Александр Николаевич Лопухин
(1779—1833)

Мать:

Екатерина Петровна Верещагина (ум. до 1818)

Супруг:

Николай Фёдорович Бахметьев (1797—1884)

Дети:

дочь Ольга (1836—1912)

Варва́ра Алекса́ндровна Бахме́тева, урождённая Лопухина (18159 сентября 1851) — русская дворянка, возлюбленная поэта Михаила Лермонтова.





Биография

Варвара Лопухина происходила из старинного дворянского рода. Её родителями были вяземский уездный предводитель дворянства Александр Николаевич Лопухин (1779—1833) и Екатерина Петровна Верещагина. Была 7 ребёнком из 8 детей, но из них 4 умерли в детстве. Её старший брат Алексей (1813—1872) и сестры Мария (1802—1877) и Елизавета (1809—1882; мать Н. Н. Трубецкого), были близкими друзьями Михаила Лермонтова с 1828 года, со времён его обучения в Москве. Сохранилась переписка Марии Лопухиной и Лермонтова.

Варвара Лопухина познакомилась с поэтом в ноябре 1831 года, когда приехала в Москву из имения. Молодые люди полюбили друг друга. Восемнадцатилетний поэт посвятил возлюбленной множество произведений:

Однако, все её движенья,
Улыбка, речи и черты
Так полны жизни, вдохновенья,
Так полны чудной простоты;
Но голос в душу проникает,
Как вспоминанье лучших дней…

По воспоминаниям родственников поэта, чувство любви к Лопухиной он сохранил до конца жизни. Однако семья Лопухиных выступала против подобного брака. Главным противником выступал отец, Александр Николаевич Лопухин. Также против такого союза высказывалась сестра Варвары и подруга Лермонтова Мария.

Замужество

В мае 1835 года Варвара Лопухина вышла замуж за действительного статского советника, богатого помещика Николая Фёдоровича Бахметева.
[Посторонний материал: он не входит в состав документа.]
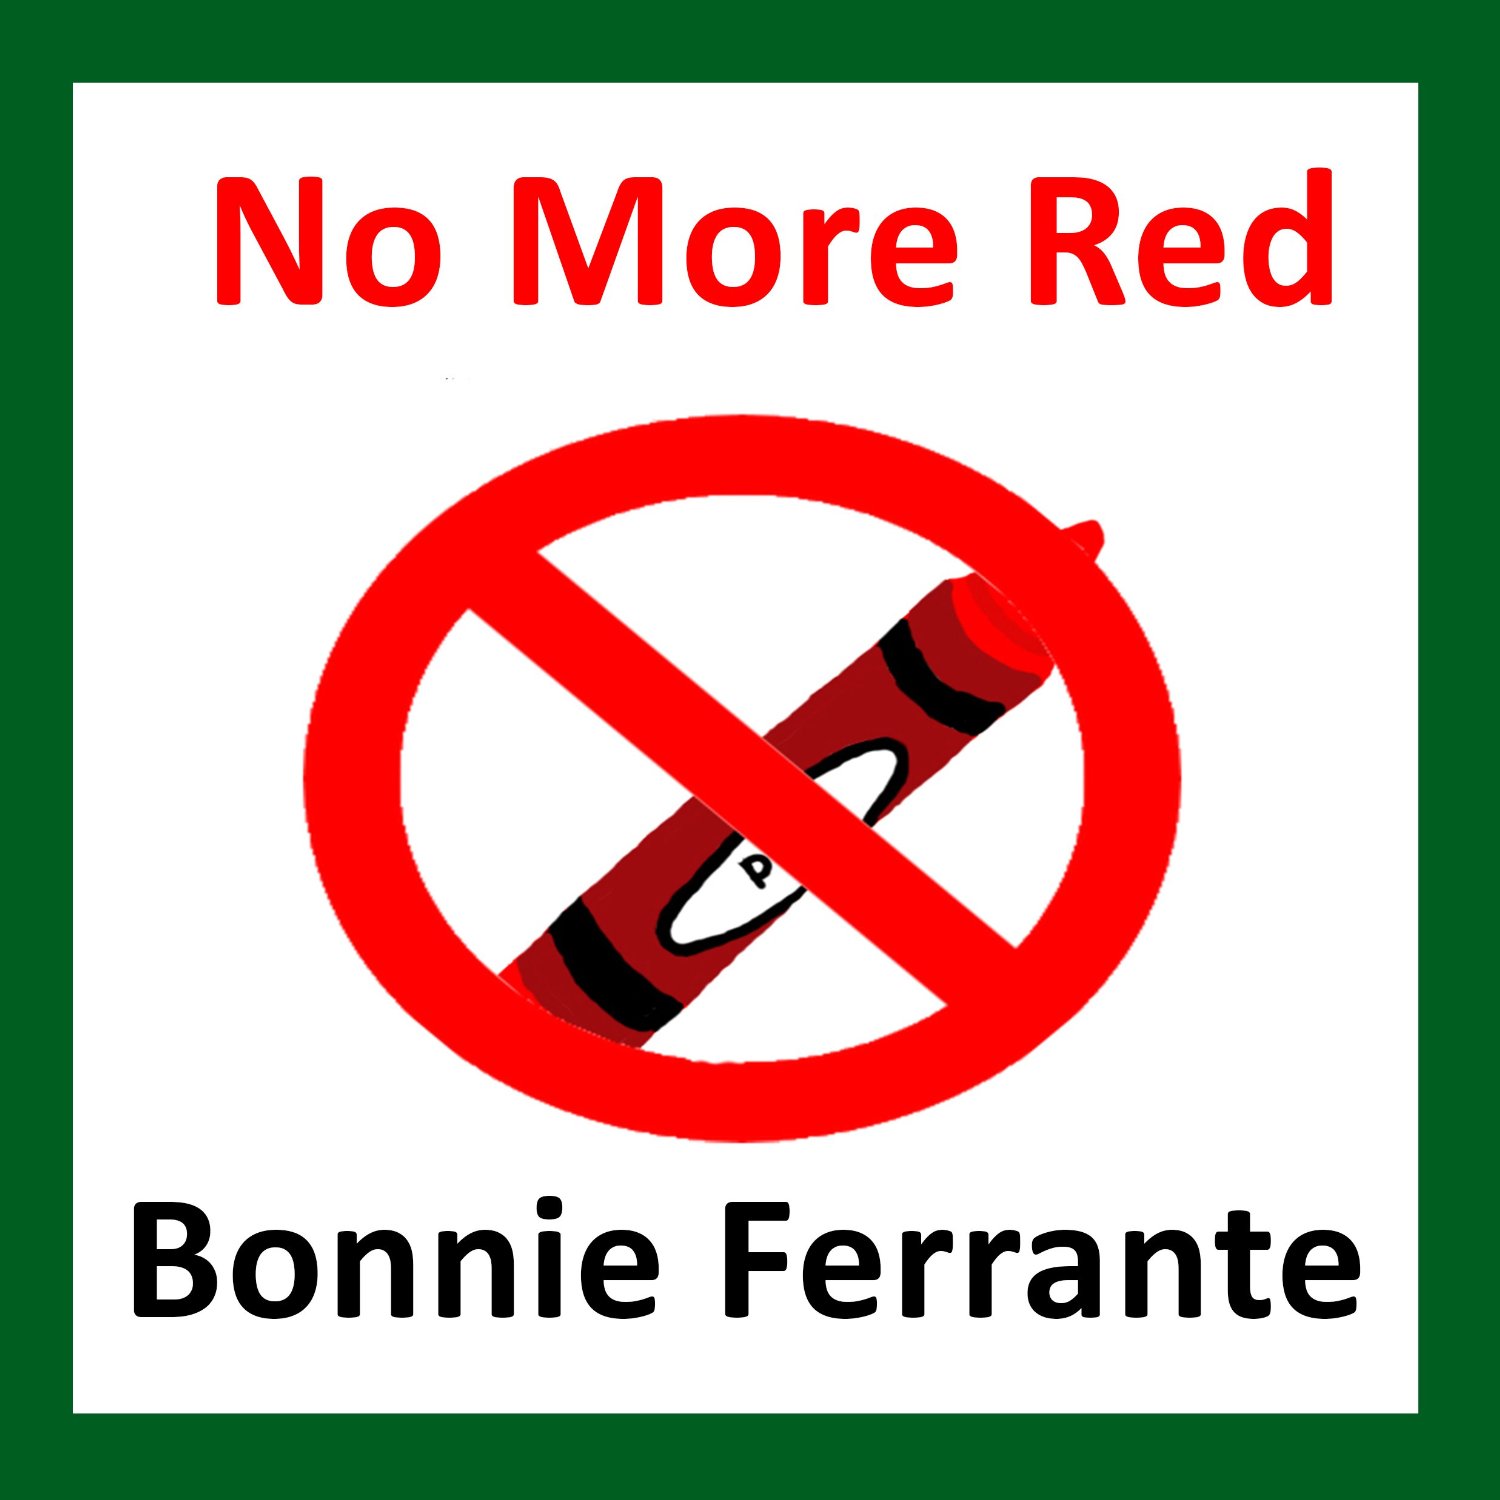 No More Red by Bonnie Ferrante

Ему тогда было уже 37 лет, а Варваре только 20. О подробностях этого сватовства её внучатая племянница О. Н. Трубецкая писала[1]:

Судьба бедной Вареньки решилась случайно. В 1835 году на московских балах стал появляться Н. Ф. Бахметев[2]. Ему было 37 лет, когда он задумал жениться и стал ездить в свет, чтобы высмотреть себе невесту. Выбор его колебался между несколькими приглянувшимися ему барышнями, и он молился, чтобы Господь указал ему, на ком остановить выбор. В этих мыслях он приехал на бал в Дворянское собрание и подымался по лестнице, когда, желая обогнать его, Варенька Лопухина зацепила свой бальный шарф за пуговицу его фрака. Пришлось остановиться и долго распутывать бахрому, опутавшую пуговицы со всех сторон… Николай Федорович усмотрел в этом несомненное указание свыше - «перста, и посватался. Человек он был с большим состоянием и безупречной репутации. Не знаю, кто повлиял на бедную Вареньку, но предложение Бахметева было принято.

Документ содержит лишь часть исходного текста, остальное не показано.